Śląsk Cieszyński, położony po obu stronach rzeki Olzy i podzielony polsko-czeską granicą, był kiedyś typowo kresowym regionem. Historycznie był częścią Górnego Śląska, który w jakimś sensie też miał i ma trochę kresowy charakter. Kiedy w XVIII wieku, po przegranej wojnie, Austria utraciła większość Śląska na rzecz Prus, Śląsk Cieszyński pozostał jednak przy Austrii i zaczął być traktowany jako odrębny region. Większość mieszkańców utożsamiała się z polskością, ale była tam też liczna mniejszość czeska i niemiecka.

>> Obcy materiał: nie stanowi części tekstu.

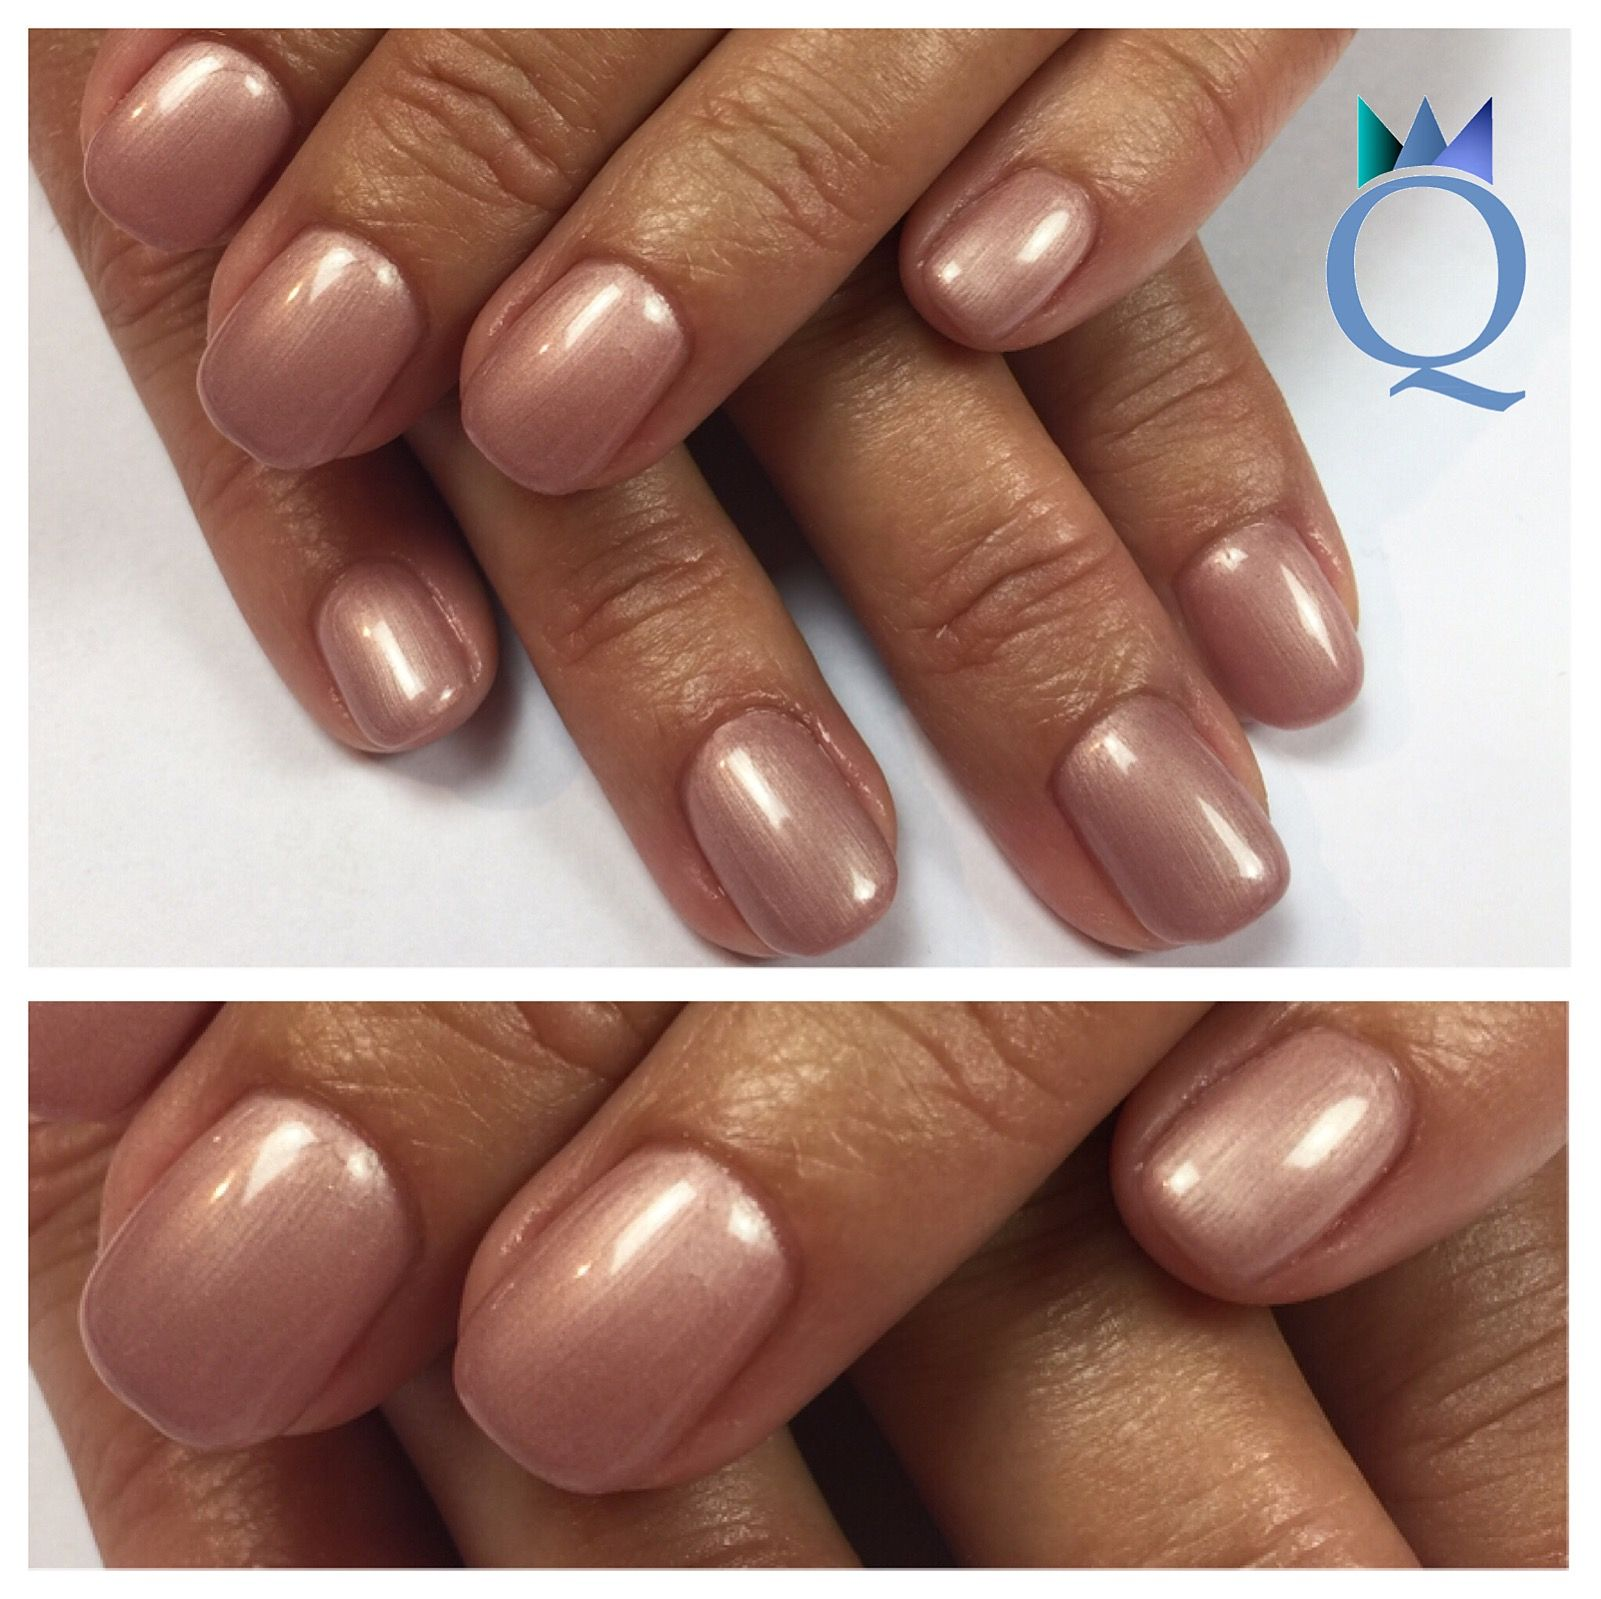 Wunderbar Nageldesign Braun Beige Beste Wahl #shortnails #gelnails #nails #beige #shimmer #kurzenägel #gelnägel

Po I Wojnie Światowej Śląsk Cieszyński stał się przedmiotem konfliktu między Polską a Czechosłowacją. Początkowo były negocjacje, mediacje, planowano plebiscyt. Kiedy wojsko polskie było zaangażowane w walki na wschodzie, armia czechosłowacka wykorzystała ten czas do wbicia nam noża w plecy. Zorganizowana siłami społecznymi ochotnicza Milicja Polska Księstwa Cieszyńskiego, mimo bohaterskiej walki, przegrała z regularnymi i czterokrotnie silniejszymi siłami przeciwnika. Ustalona wtedy granica na Olzie została uznana w 1920 r. przez państwa Ententy. W 1938 r. odbiliśmy Zaolzie też w mało chwalebnych okolicznościach, bo wtedy, gdy Niemcy zabierali im Sudety. W konflikcie o Śląsk Cieszyński — moim zdaniem — dla obu stron, hańbiące było nie tyle użycie siły, ile właśnie okoliczności, w których wbijaliśmy sobie nóż w plecy.
Po ostrym konflikcie Czesi chcieli pokazać „czeskość” Śląska Cieszyńskiego a Polacy jego „polskość”. Nie było więc już miejsca na kresowość. Kiedy byłem kilkanaście lat temu w czeskim Cieszynie, na ulicach i w hospodach czułem taką samą atmosferę jak w innych czeskich miastach. Podobnie nasz Cieszyn stał się „standardowo” polski, a gdzie jest narodowy standard, tam już nie ma Kresów.